Мне живо представилось фантастическое зрелище: медленная река, безмолвная пустыня, крошечный человечишко, плывущий в маленькой лодочке, и огромный несчастный козел, не знающий, куда бы ему пристроить свой исполинских размеров уд.
«А не такова ли вся наша жизнь? Одна только мысль – куда бы вложить свой вечно бунтующий уд – и гонит нас по свету», – подумал я с горечью.
И тут же смыл эту горечь изрядной порцией водки.
Серое, желтое, зеленое
…Покинул Тверь.

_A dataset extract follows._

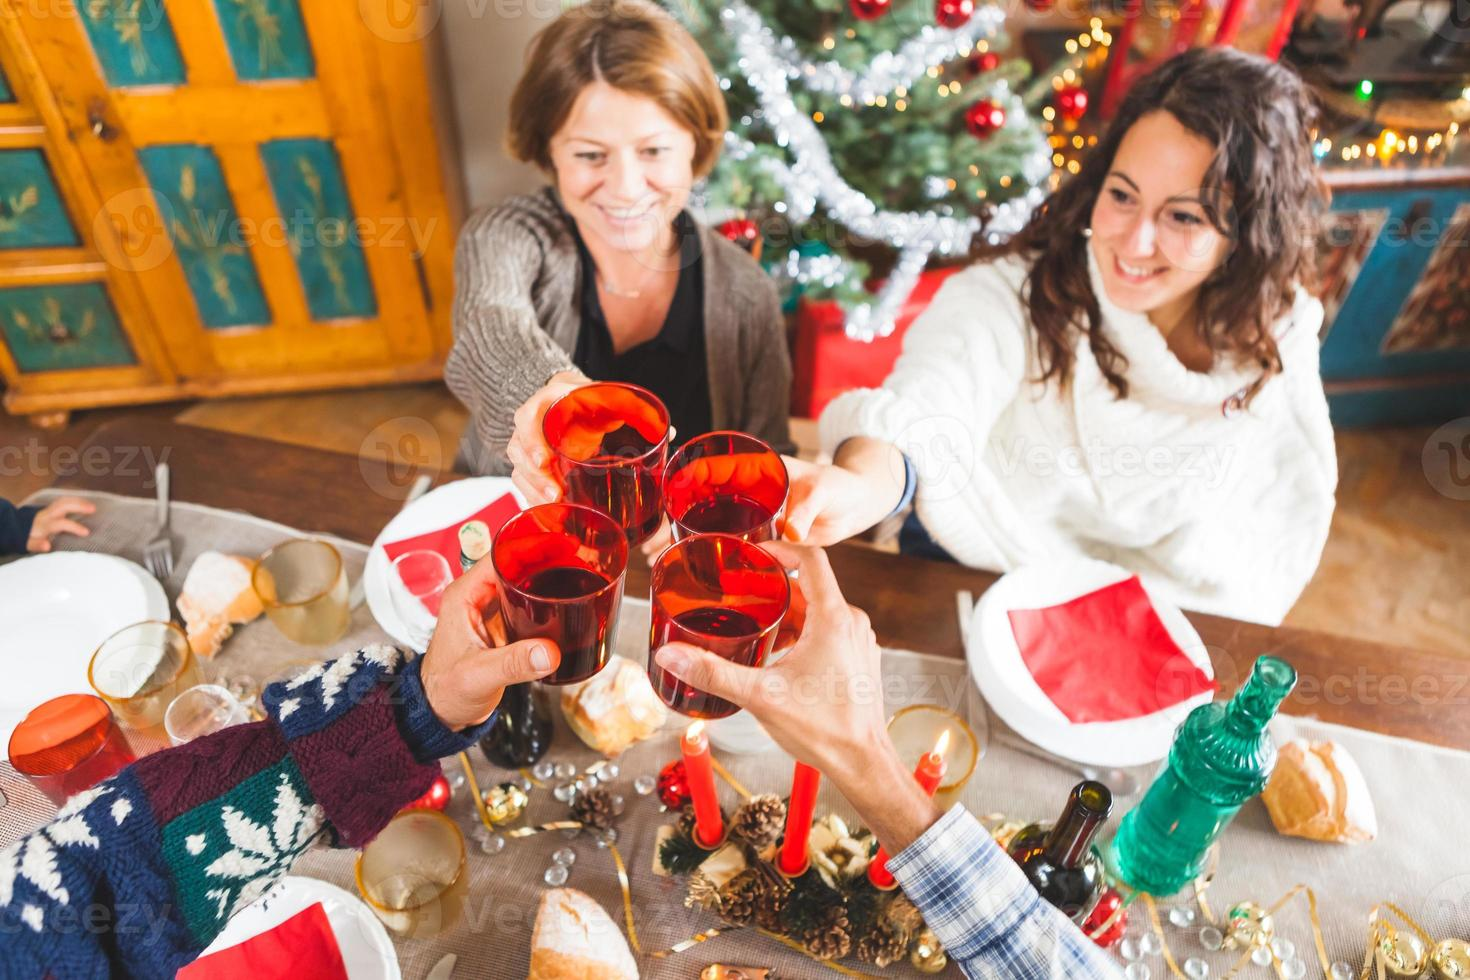 Familie Toast für Weihnachtsessen zu Hause foto

Голова моя после пьянства легкая, мир кажется простым, точно яйцо без скорлупы. Будто знаю я все на свете, будто нет у мира от меня никаких секретов. А на сердце – тяжесть, как если бы прицепилась к нему нескончаемая вереница сомнений из прошлого. И тянет, тянет эта тяжкая вереница в некое черное далеко, где я еще никогда не бывал, но чувствую его сердцем.
Серое, желтое, зеленое мелькает под синим блюдцем неба. Я подобен выстрелу из мортиры, когда порох пыхнул, и нет его, пороха, а тяжелое ядро уже несется куда-то вдаль. И куда несется? Какие фортификации сокрушать?
…Обедая в Торжке, вспоминал и все никак не мог вспомнить в подробностях последние этюды моего пребывания в Твери. Только какие-то размазанные пятна остались от них в памяти: то красная физиономия рязанского поручика, орущая песни, то плещущий водкой стакан, то ласковые бабьи лапки и вздымающиеся бока, а то и вовсе что-то несуразное, более похожее на фантомы, чем на картины действительности. Но это так, ерунда, житейские мелочи, не стоящие внимания. Куда более удивительное происходило вчера утром, до кутежа, когда я еще лежал в кровати, будучи почти трезвым. Взялся, помню, опять читать про путешествие по Африке, чтоб похмелье порассеять, и сразу же наткнулся на место, где автор рукописи рассказывал о встрече со мной в клинской гостинице. Дескать, прибыл он из Африки, чтоб принять участие в Терентьевском празднике, заехал в клинскую гостиницу, а тут ведут к нему в номер, «точно крокодила на поводке», гусарского поручика на постой. Да и не просто неведомого гусарского поручика, а именно меня – и фамилия, и имя, и отчество, и даже сколько мне лет от роду, в рукописи было указано.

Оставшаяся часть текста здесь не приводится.